Given information: Begin

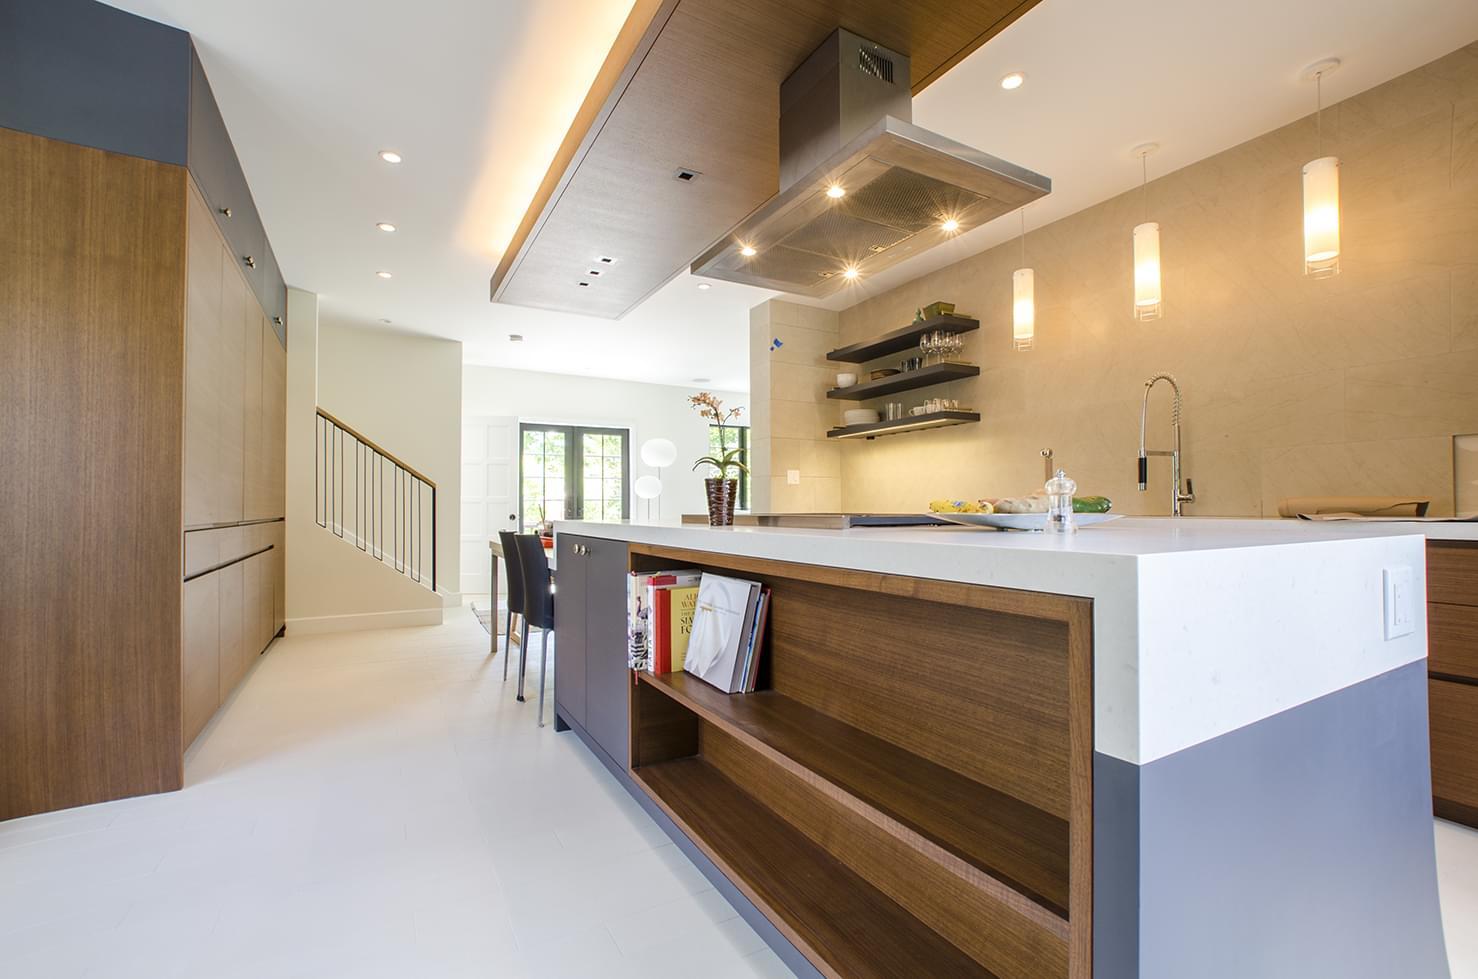 38 Clements Kitchen.jpg
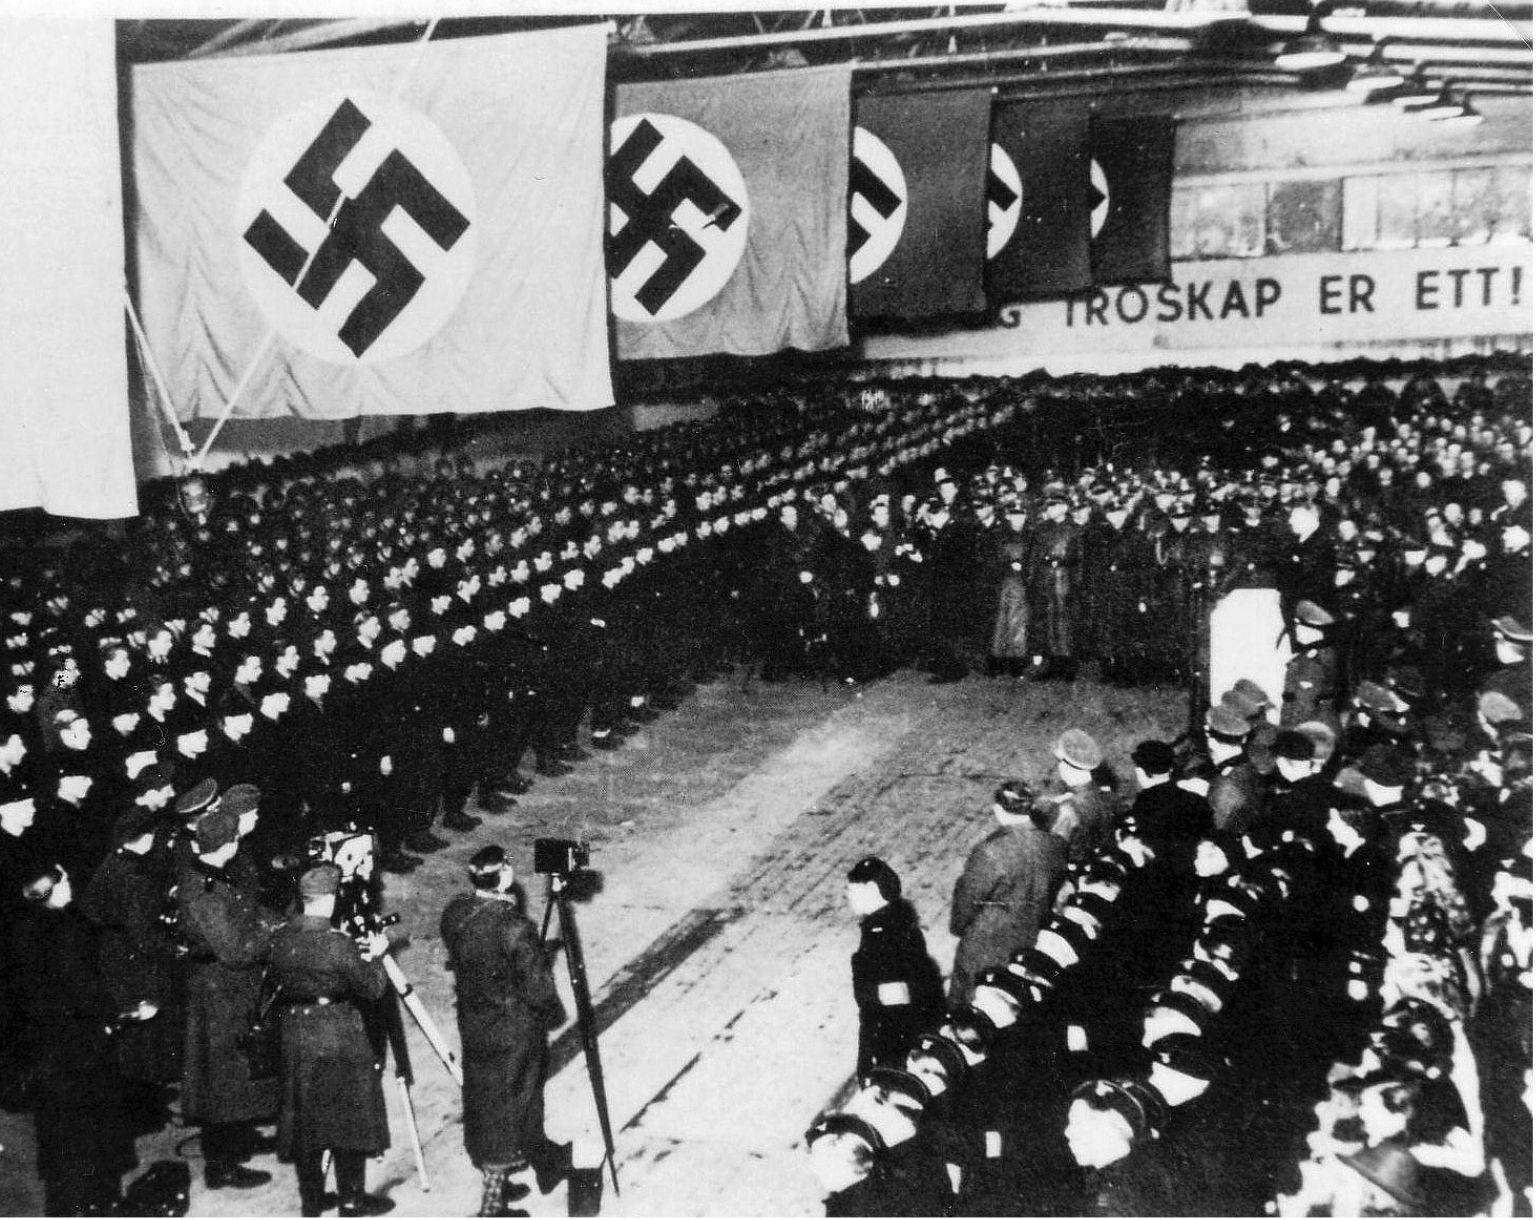 VILLE SLÅSS FOR HITLER: Oppstilling for norske rekrutter som har vervet seg som frivillige til Wafffen-SS og 5. SS-Division Wiking. Hippodromen på Vinderen i Oslo er pyntet. Hirden og tyske soldater står æresvakt. Pressen er også til stede. Foto: FRA «DERES ÆRE VAR TROSKAP»/VEGA FORLAG/GEIR BRENDENS ARKIV
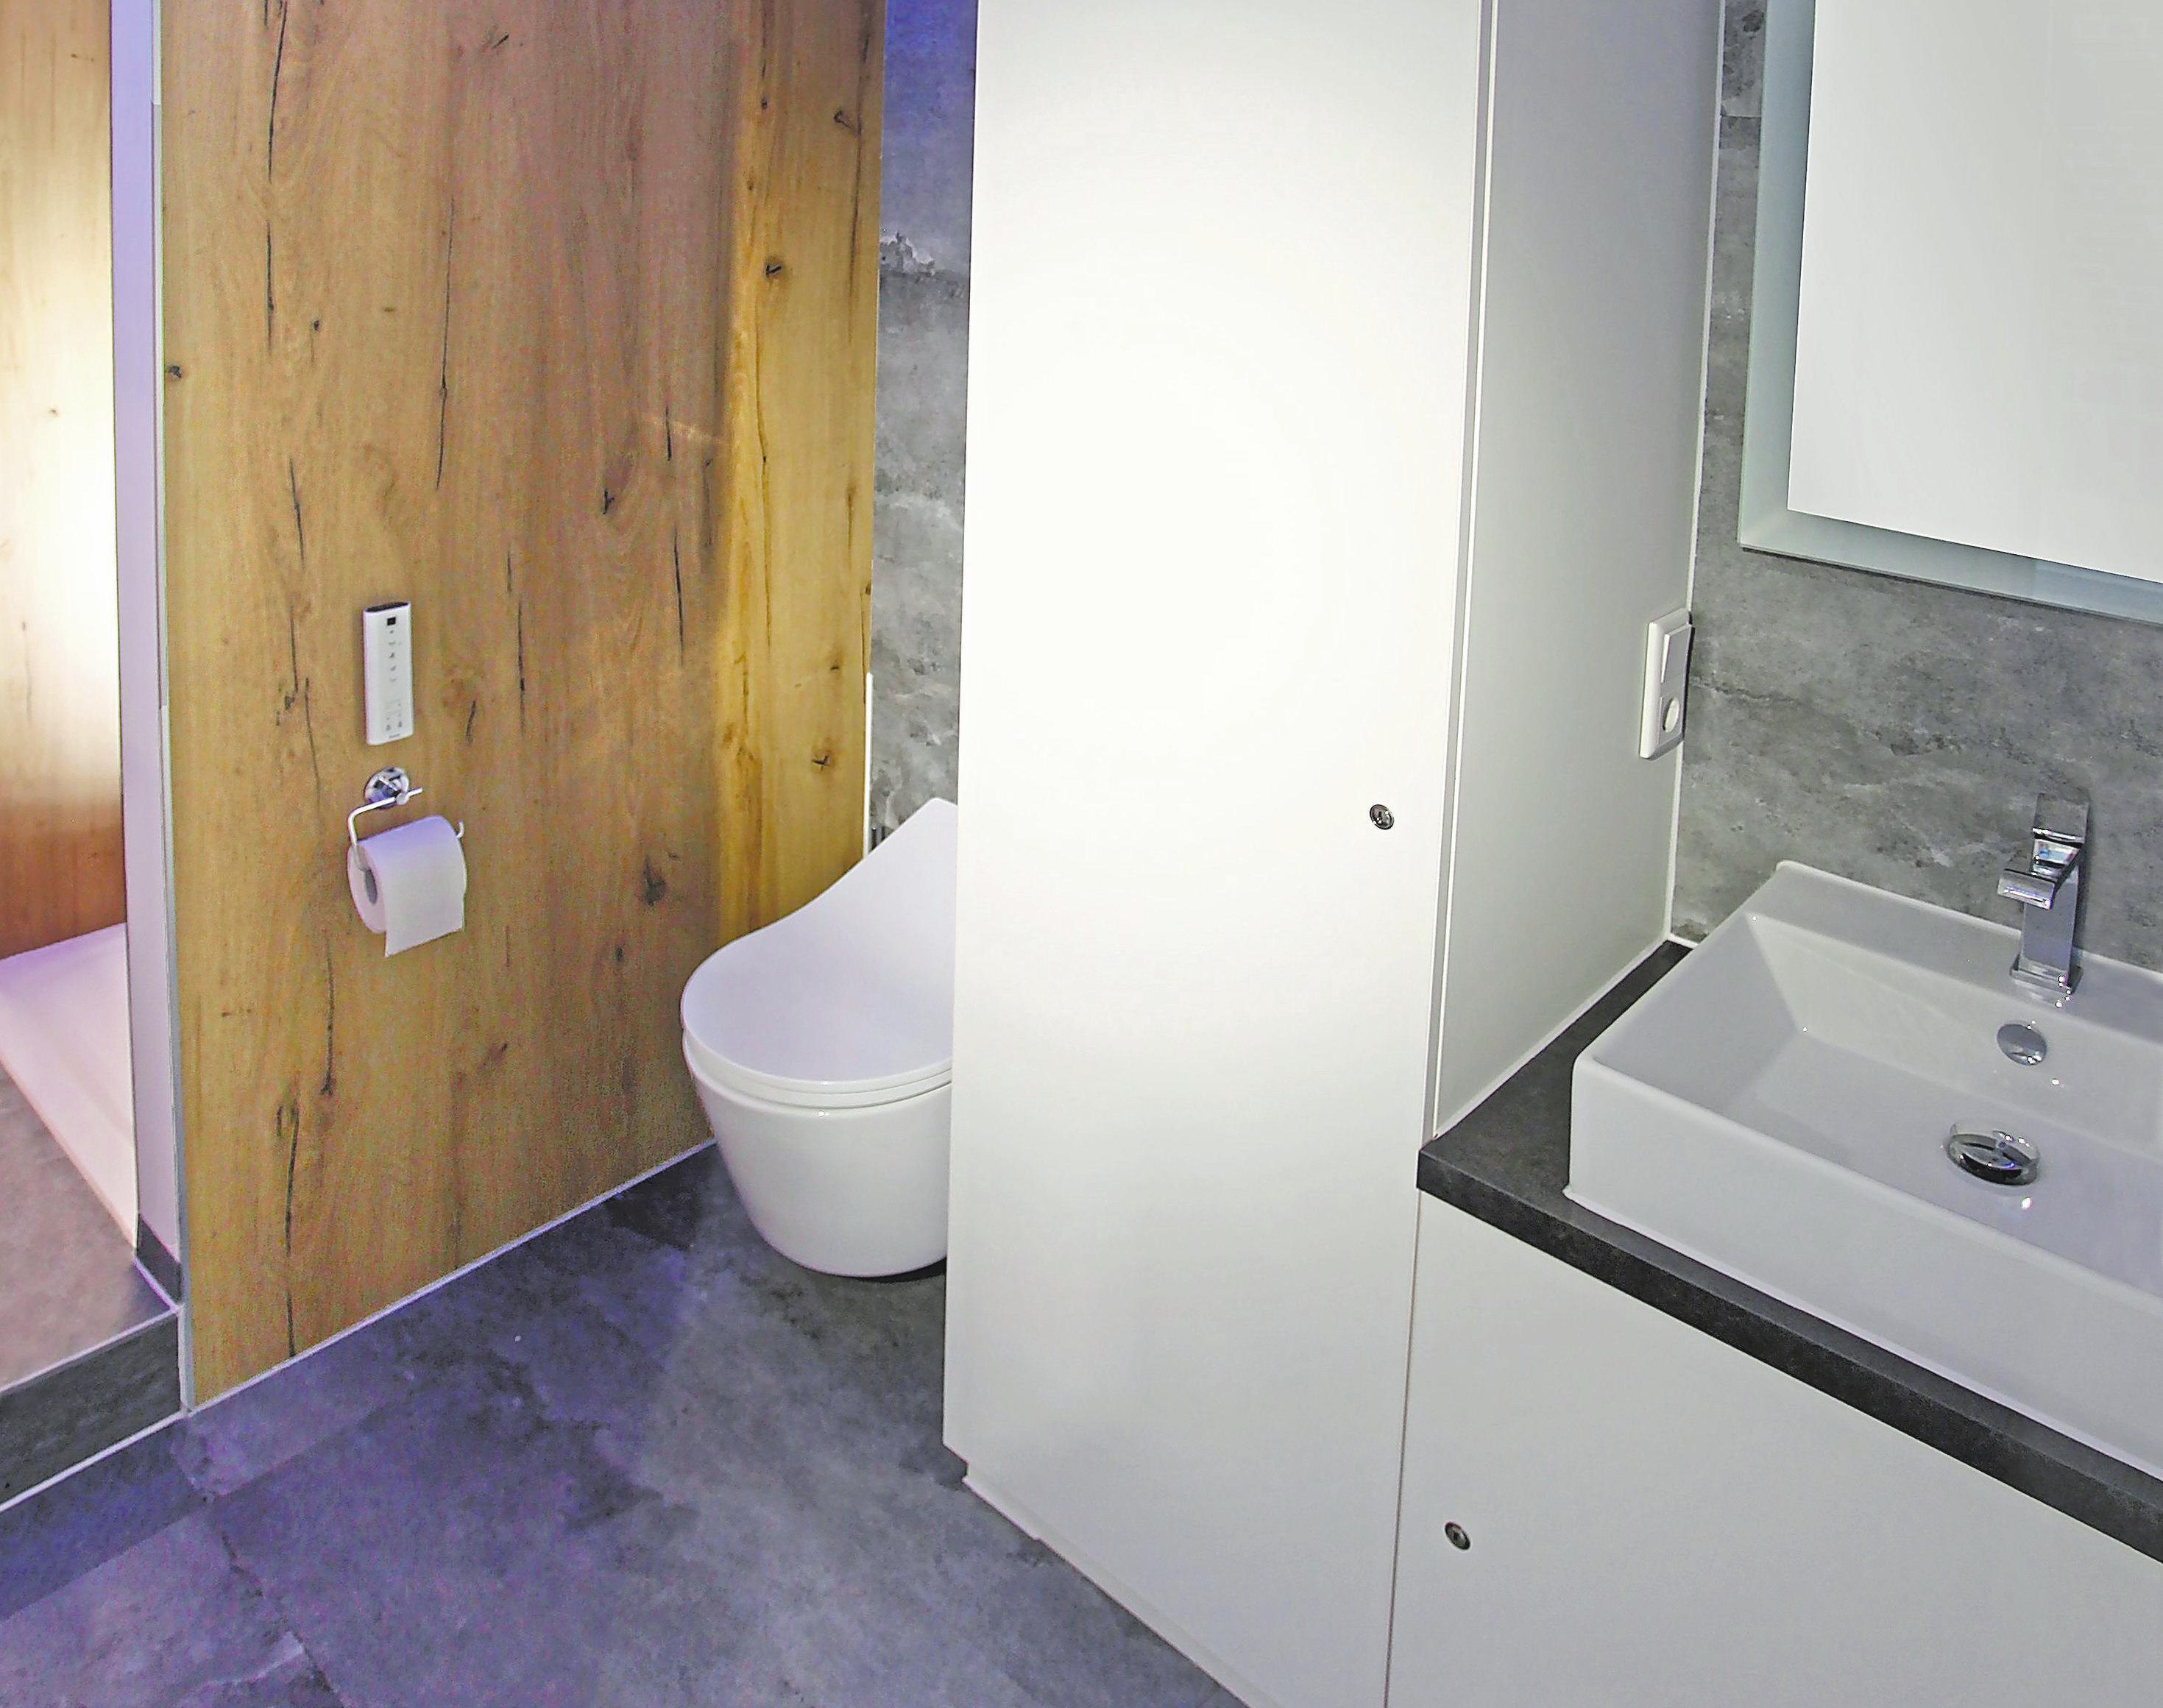 Komfort wie im eigenen Bad bietet der Anhänger, der Kunden während einer Badsanierung bei Bedarf zur Verfügung gestellt wird. Foto: Deco Weilinghoff

Given information: End

Exercise details:
What is needed is an exact copy of the lines from the beginning of the data through the line containing "VILLE SLÅSS FOR", both included, without any pictures.

Task result:
 38 Clements Kitchen.jpg
 VILLE SLÅSS FOR HITLER: Oppstilling for norske rekrutter som har vervet seg som frivillige til Wafffen-SS og 5. SS-Division Wiking. Hippodromen på Vinderen i Oslo er pyntet. Hirden og tyske soldater står æresvakt. Pressen er også til stede. Foto: FRA «DERES ÆRE VAR TROSKAP»/VEGA FORLAG/GEIR BRENDENS ARKIV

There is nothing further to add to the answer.